The Uniform Crime Report statistics suggest that males commit more violent crime than females. The UCR is used to show trends in crime over time (Federal Bureau of Investigation, 2002). The gender difference in violent offenses is illustrated through Social Learning Theory. To understand violent criminal behavior we must examine perceptual thoughts, expectancies, competencies and values. (Bartol, 2002) This paper discusses social roles, the influence of intact or broken homes, and the type of aggression learned. These factors are important when we look at violent crime. Awareness of social problems or antisocial behavior can help early intervention. The social learning theory implies that internal as well as external forces play a significant role in developing behavior. Social theory suggests that people are born with the same abilities and a blank slate waiting to be written on. Children are bombarded with many things that they must learn at a young age.
Through this time and into adolescence there paradigms are continuously being shaped and changed. This is a critical time, and problems at this stage of development, can show up as violent crime later on. The difference in male and female violent crime is a highly correlated with social conditioning.
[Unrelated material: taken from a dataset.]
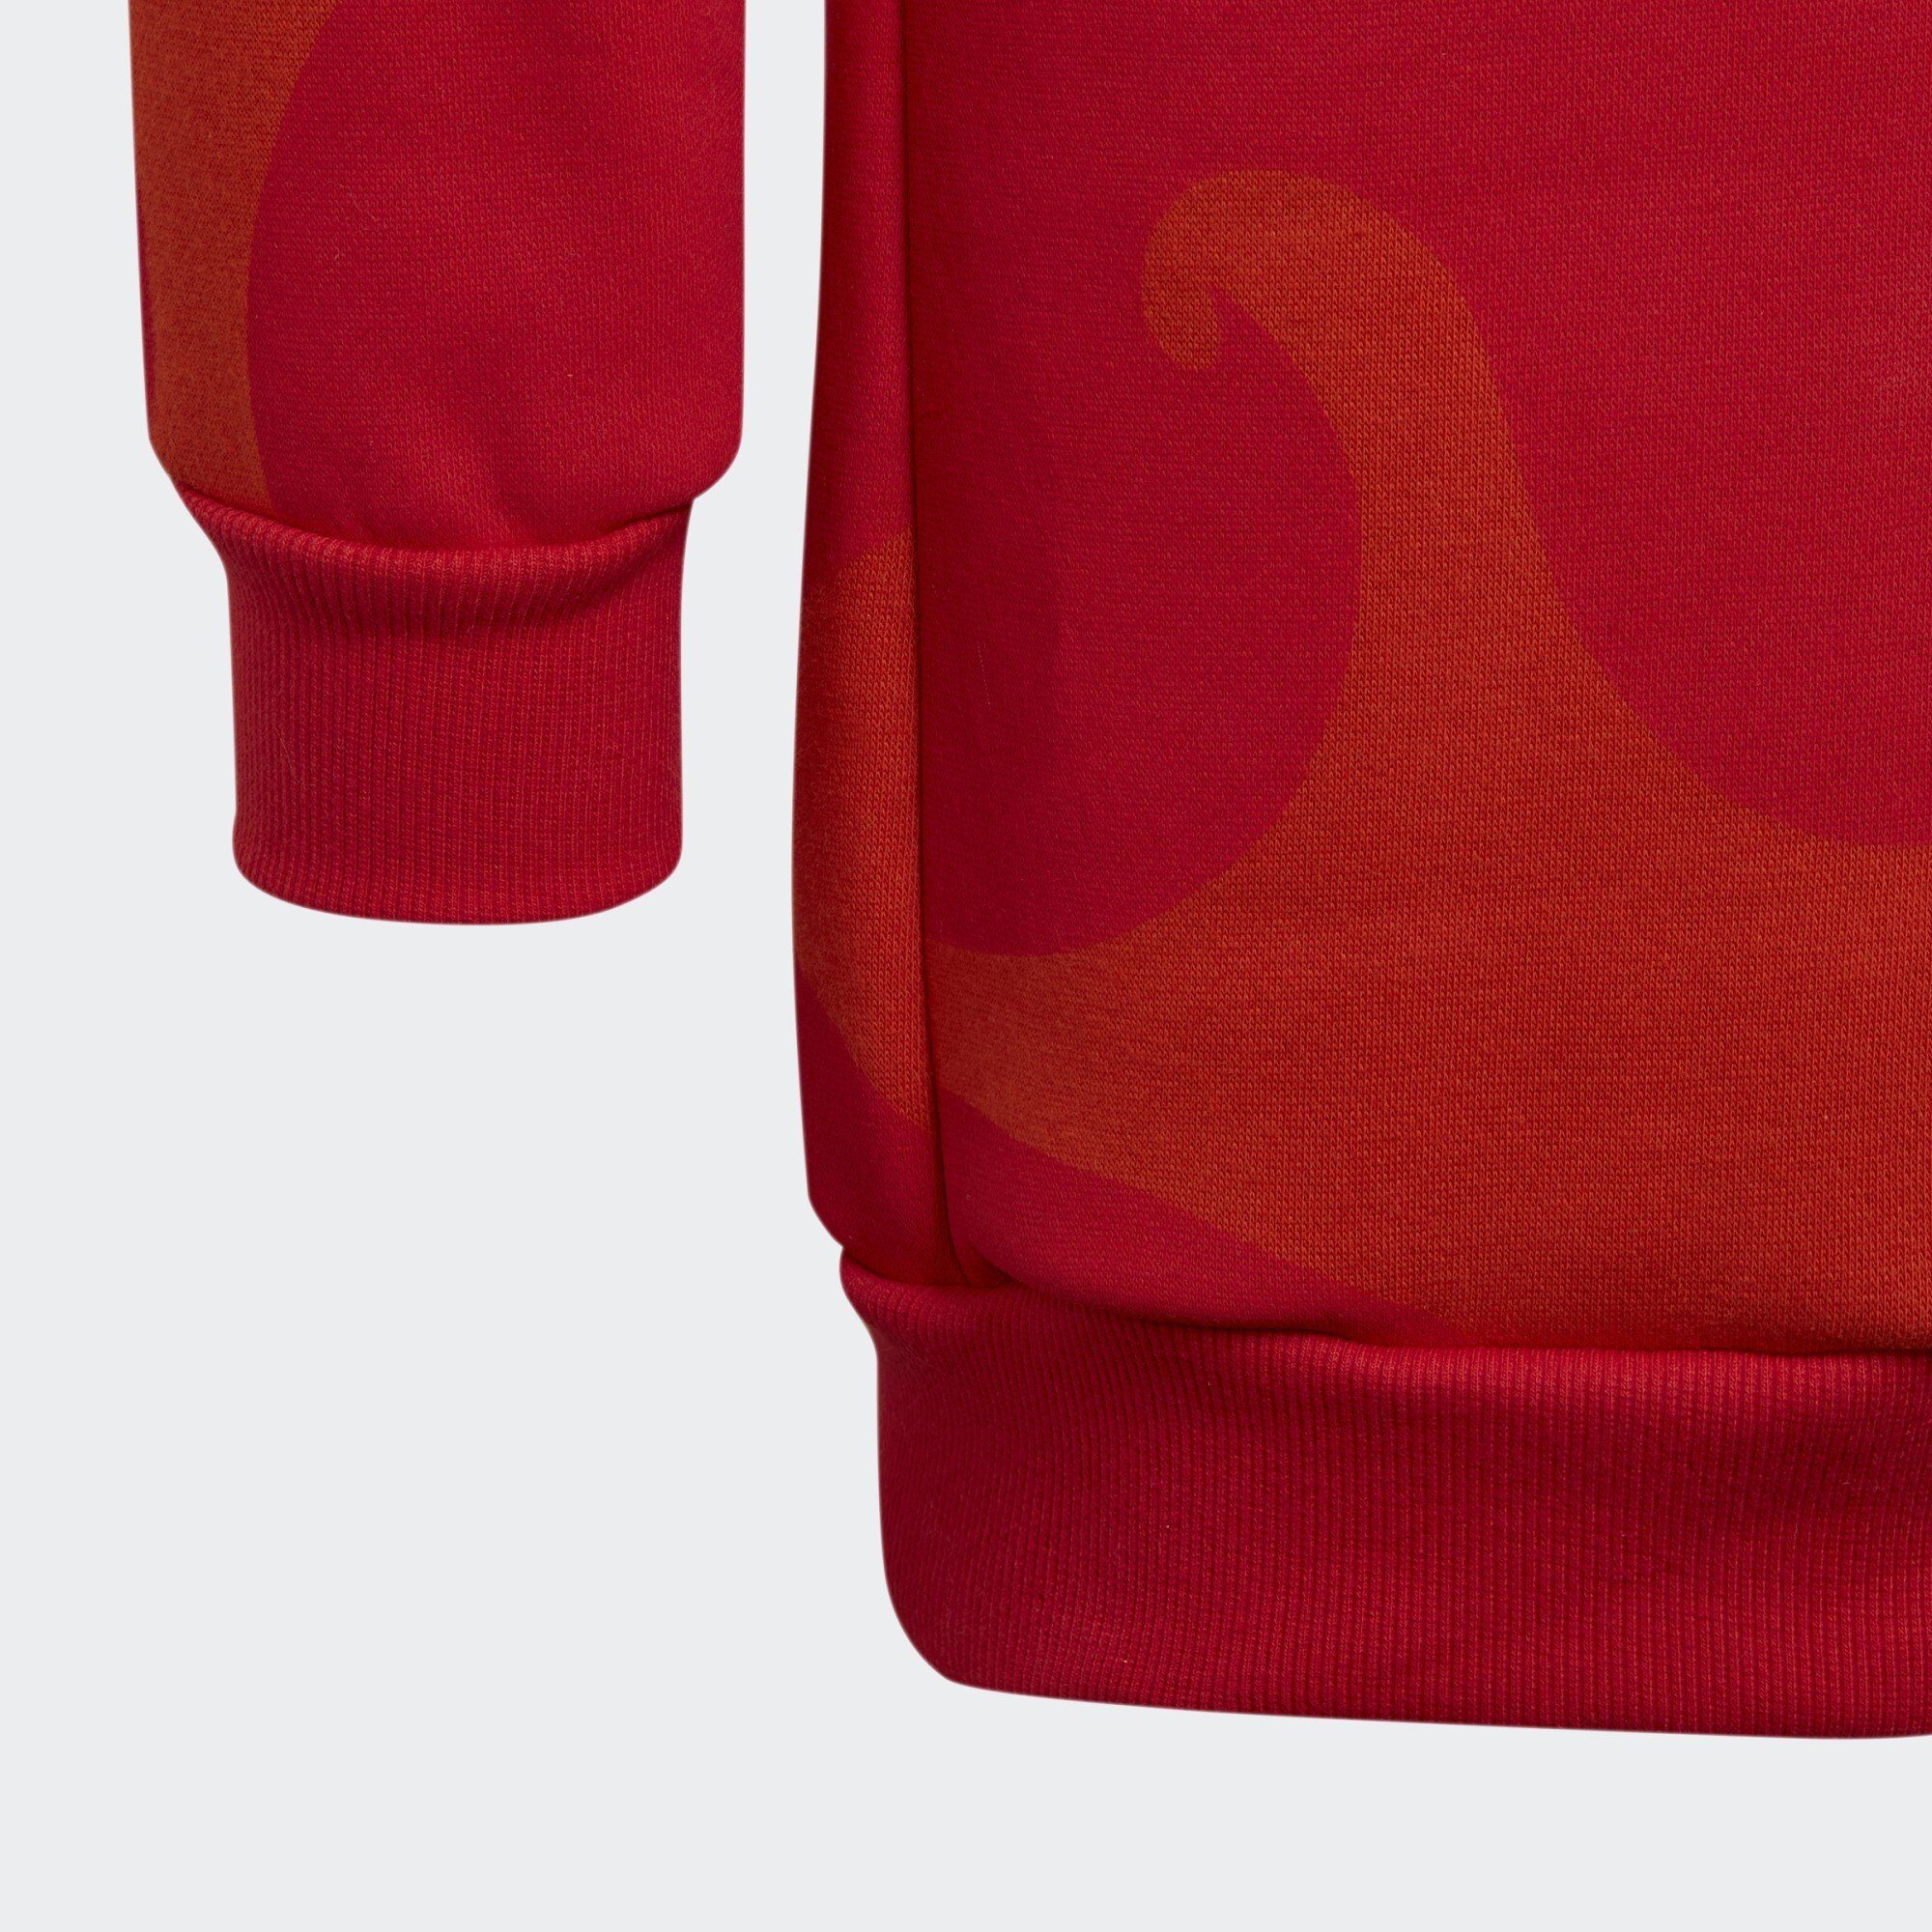 Orange Lush adidas MARIMEKKO Collegiate Sportswear SET Red / Trainingsanzug

The gender difference in violent crime did not happen suddenly, it has been around for along time. Social learning differences in males and females are part of the reason why there is such a difference in the amount of crime committed. Looking at the early childhood development is a good place to start to try to understand this difference. Children change and shape in early childhood and adolescent due to social factors. We start to learn and comprehend things at a young age being very much a victim of our environment. Children are taught through their parents and peers...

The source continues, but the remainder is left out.